* **What you are asked to do**: Leave the pictures out while you restate every entry below word for word.

□ □ □ □

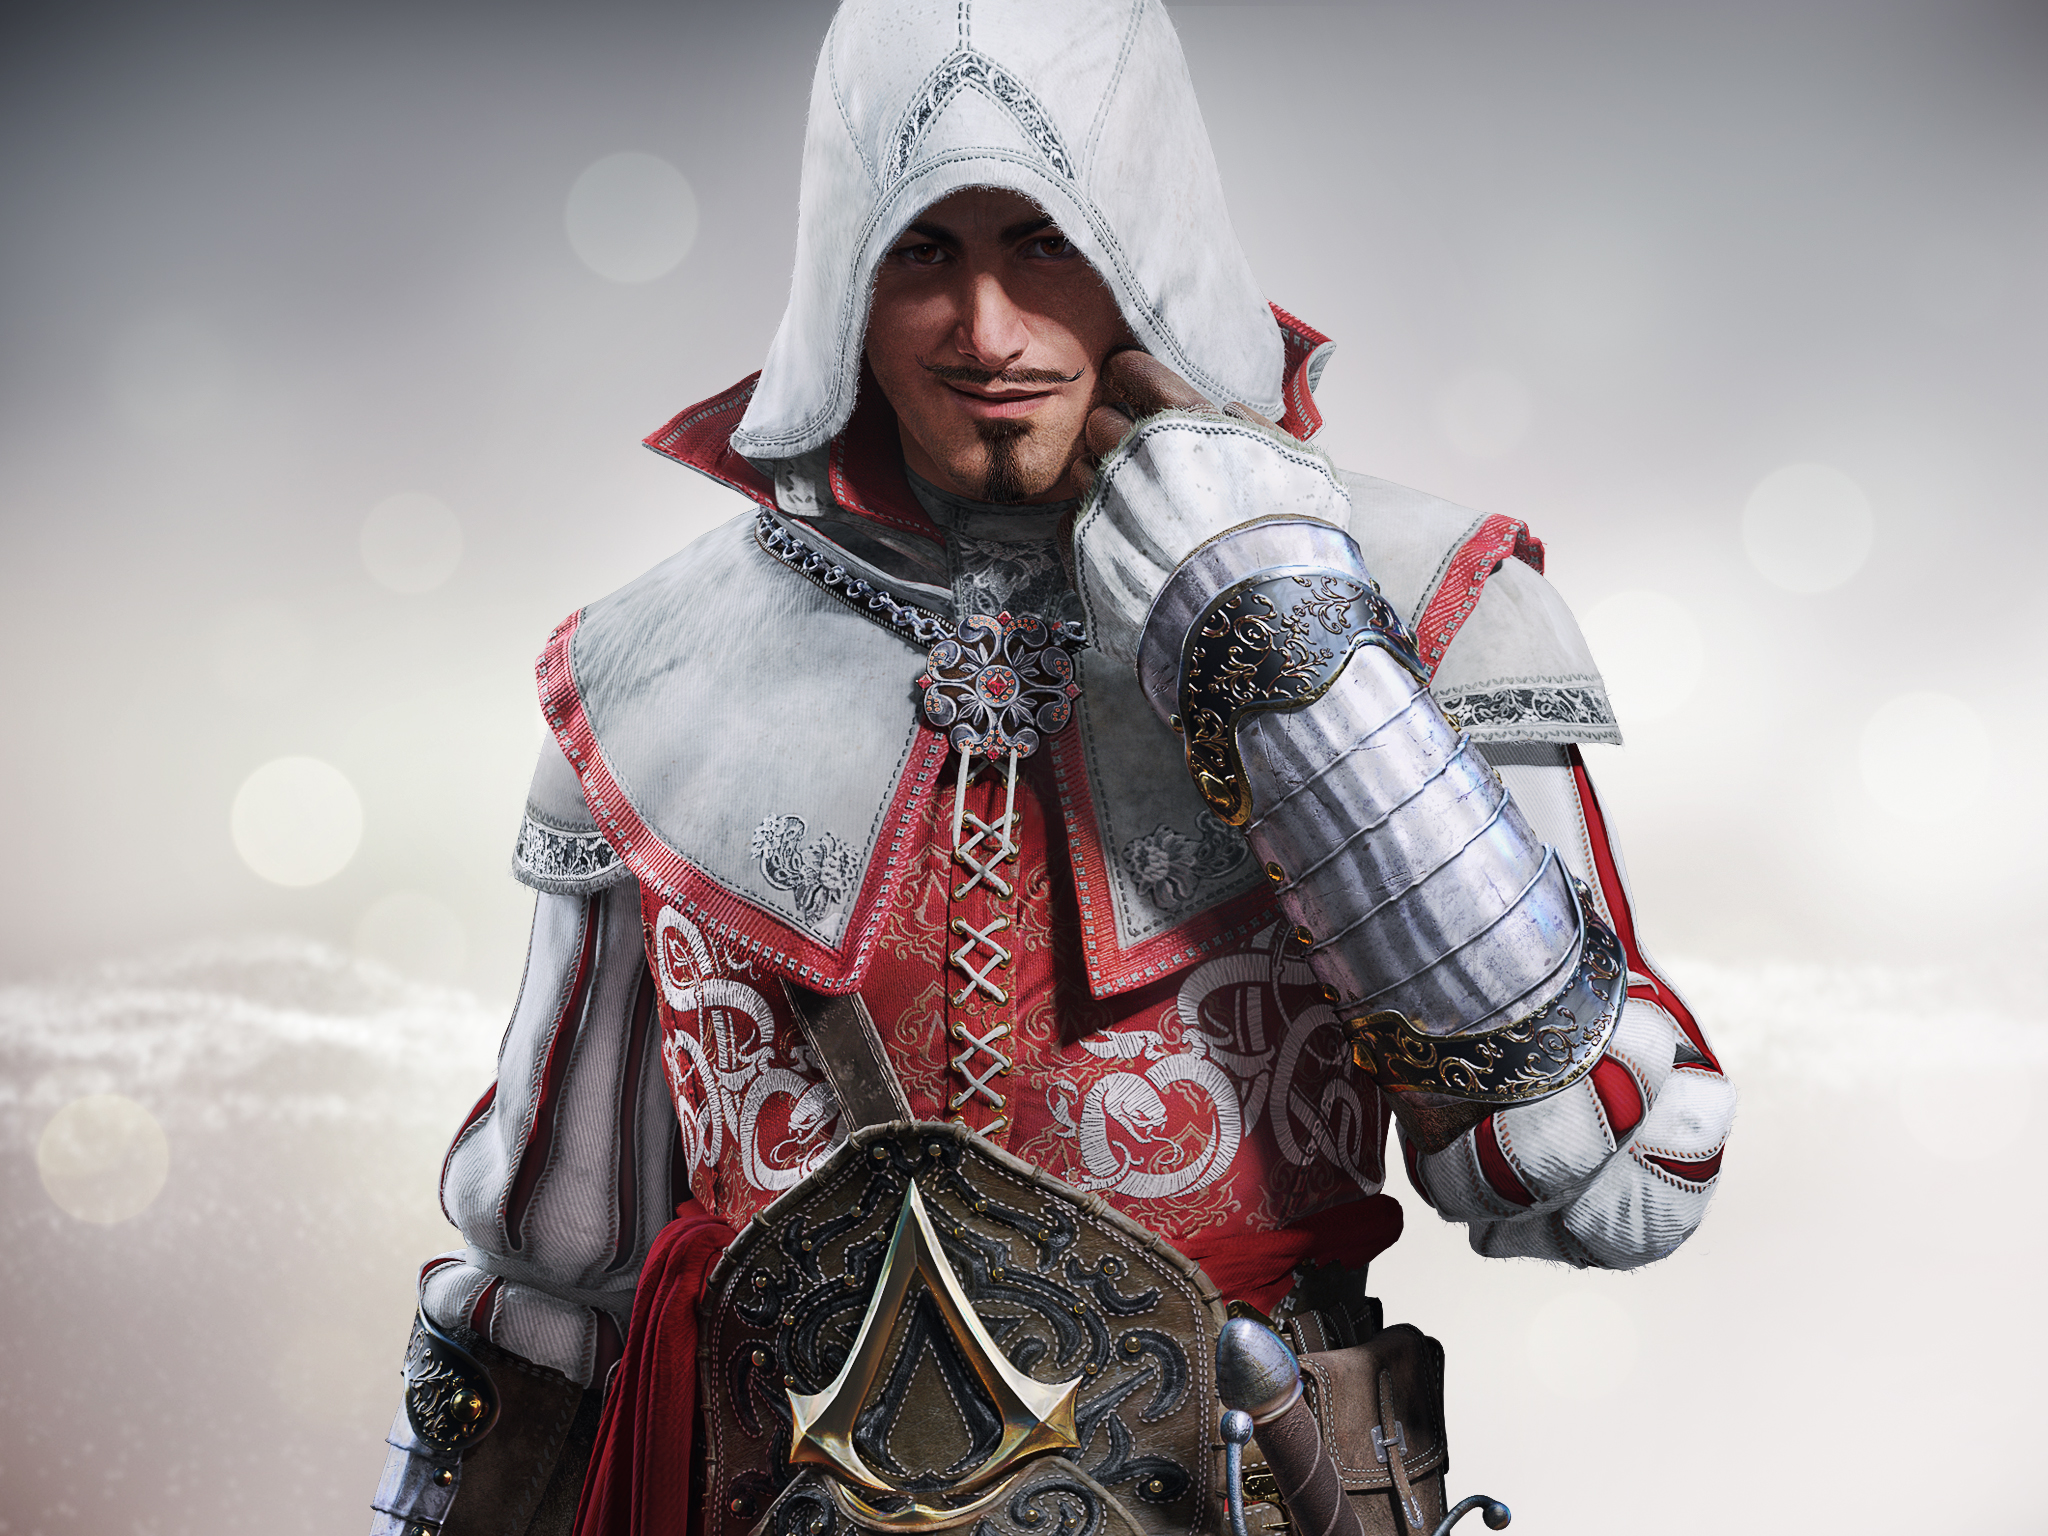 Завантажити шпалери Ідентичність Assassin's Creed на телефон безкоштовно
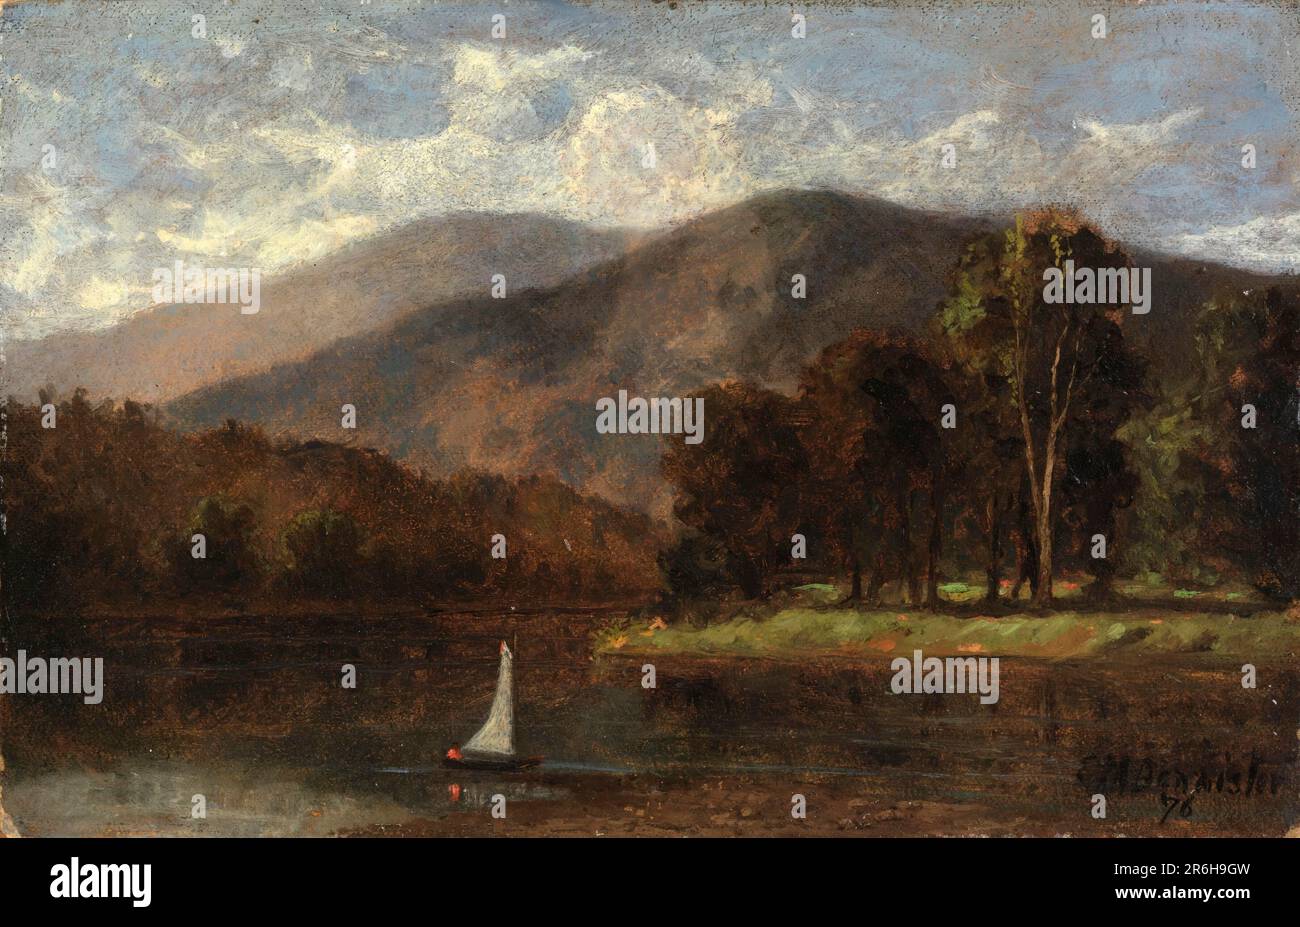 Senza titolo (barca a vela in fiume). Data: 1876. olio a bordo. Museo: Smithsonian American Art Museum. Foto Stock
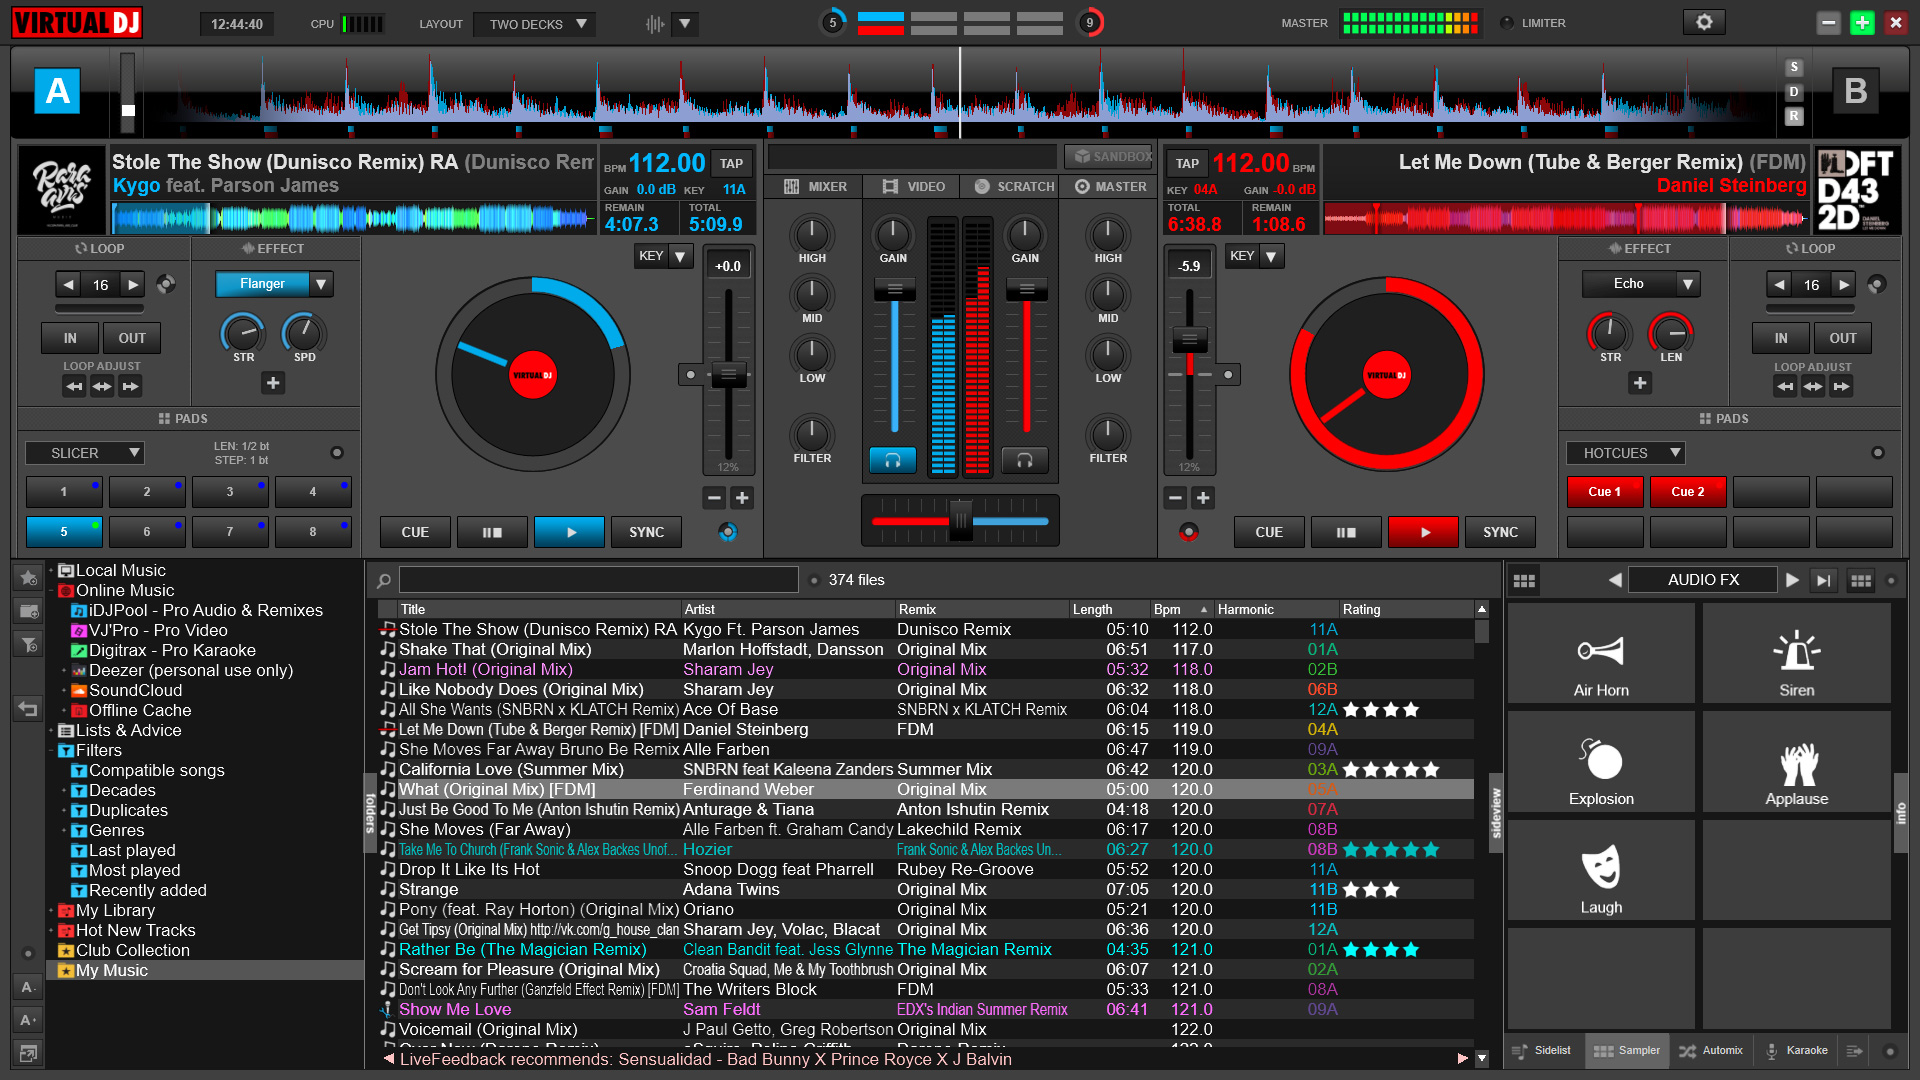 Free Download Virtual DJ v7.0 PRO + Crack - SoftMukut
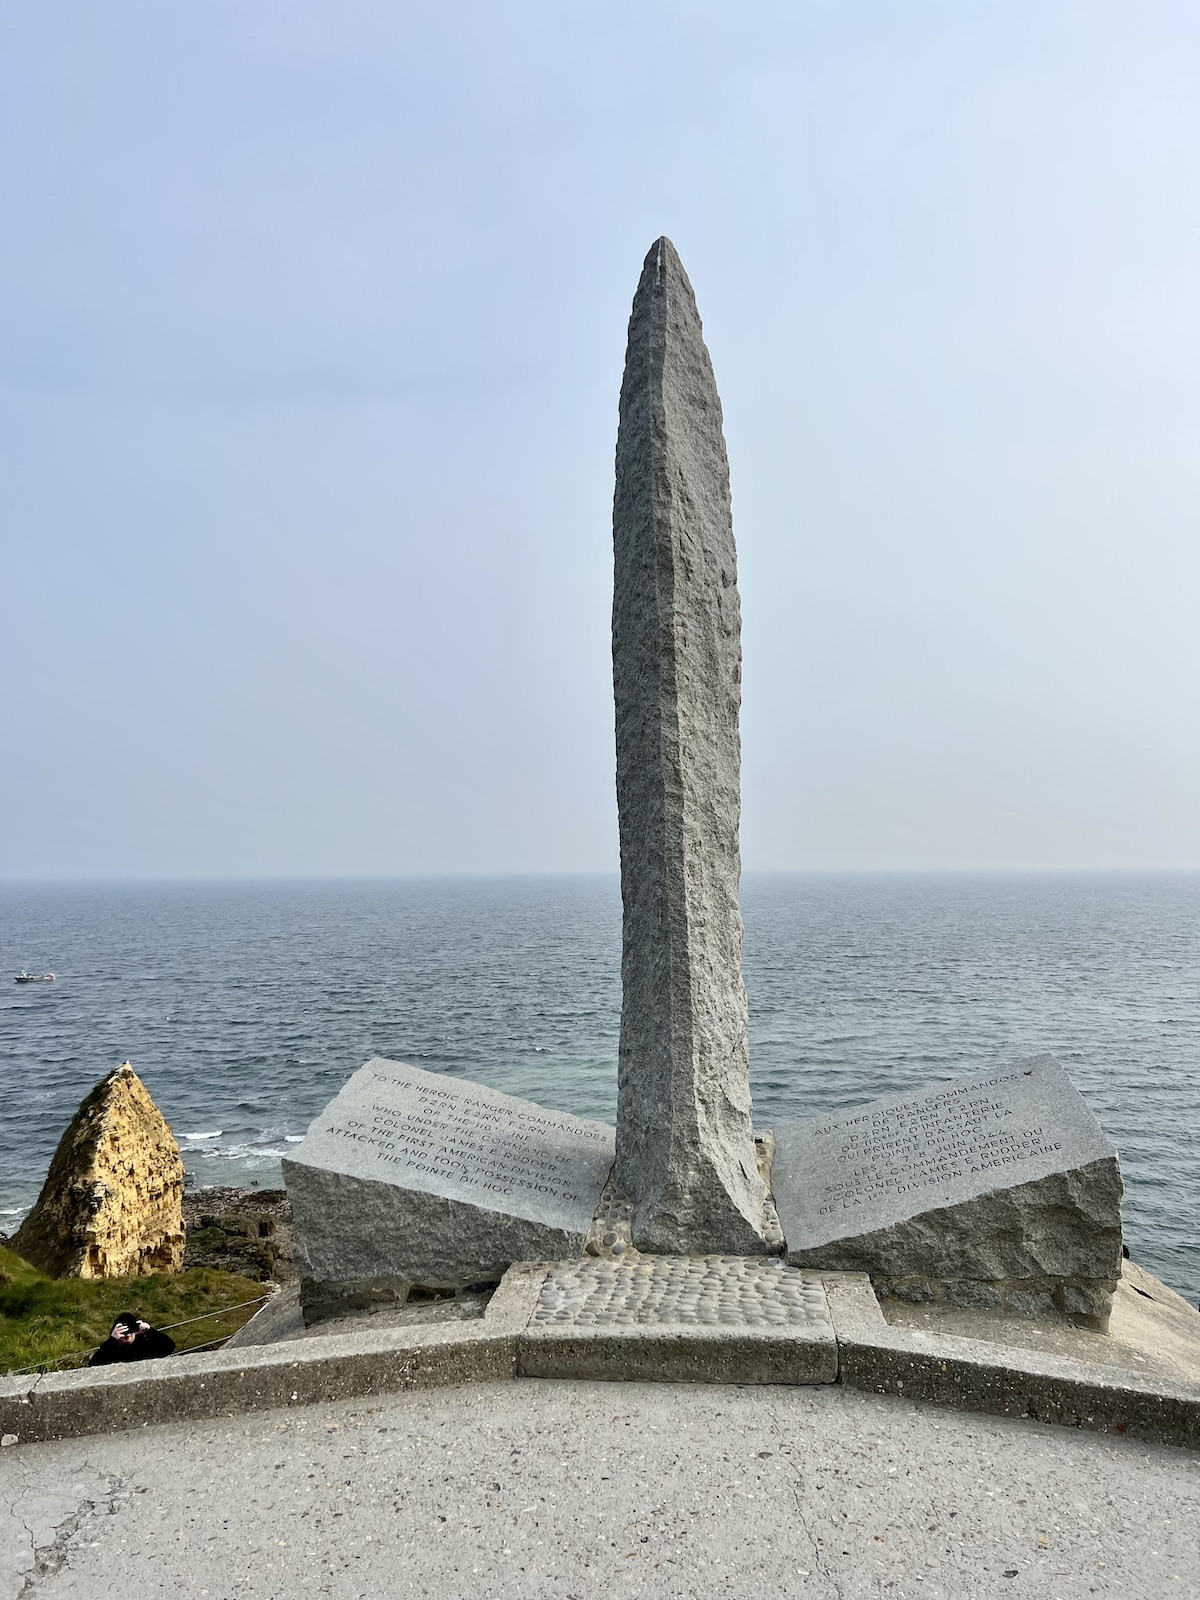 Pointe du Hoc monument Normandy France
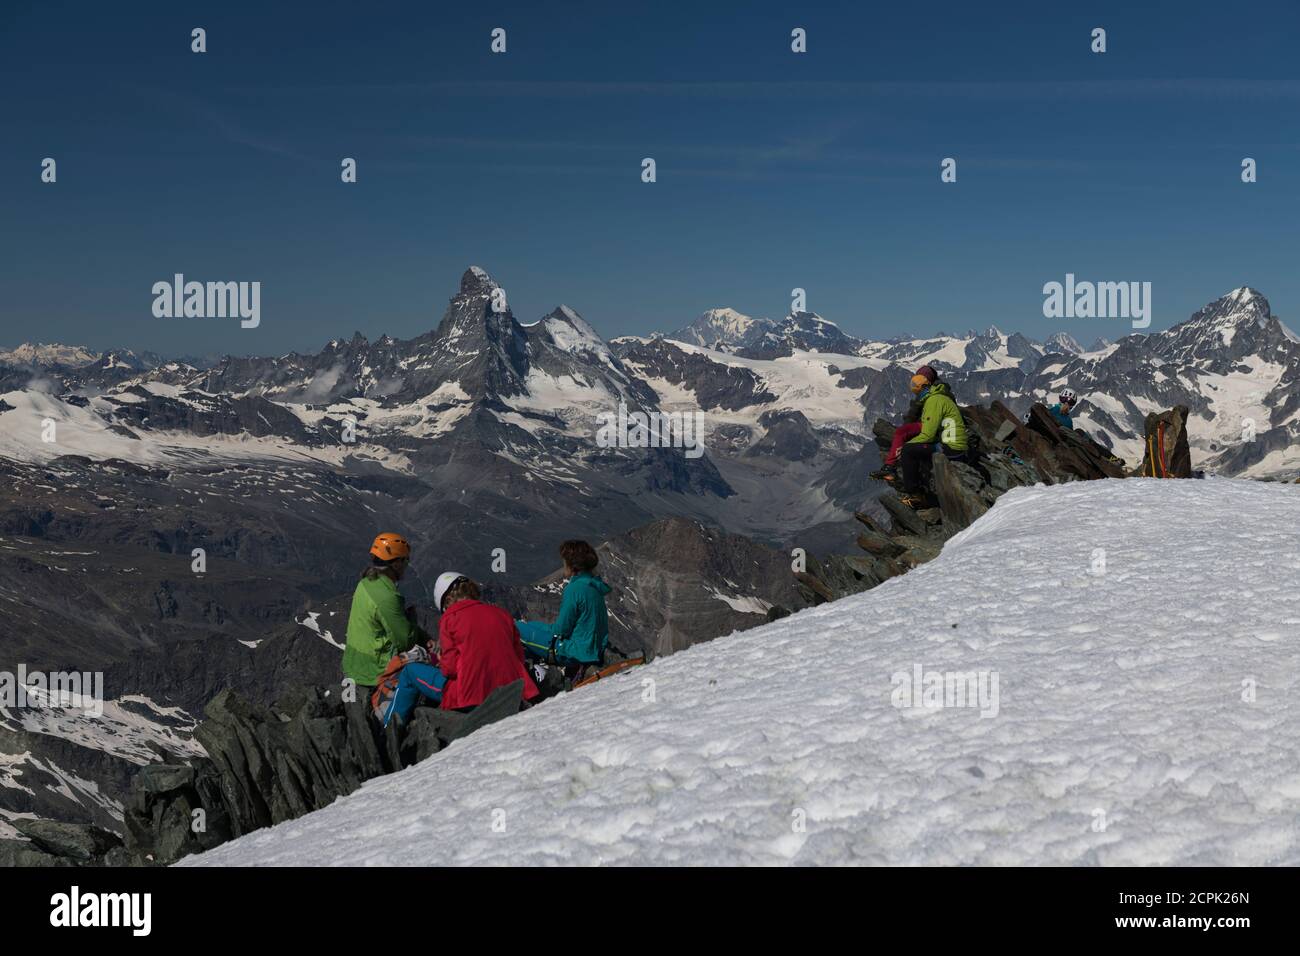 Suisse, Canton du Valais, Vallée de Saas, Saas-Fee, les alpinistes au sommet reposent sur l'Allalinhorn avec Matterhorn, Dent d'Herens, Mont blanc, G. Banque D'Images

□ □ □ □

* **Task output**:
 Завантажити шпалери Ідентичність Assassin's Creed на телефон безкоштовно
 Senza titolo (barca a vela in fiume). Data: 1876. olio a bordo. Museo: Smithsonian American Art Museum. Foto Stock
 Free Download Virtual DJ v7.0 PRO + Crack - SoftMukut
 Pointe du Hoc monument Normandy France
 Suisse, Canton du Valais, Vallée de Saas, Saas-Fee, les alpinistes au sommet reposent sur l'Allalinhorn avec Matterhorn, Dent d'Herens, Mont blanc, G. Banque D'Images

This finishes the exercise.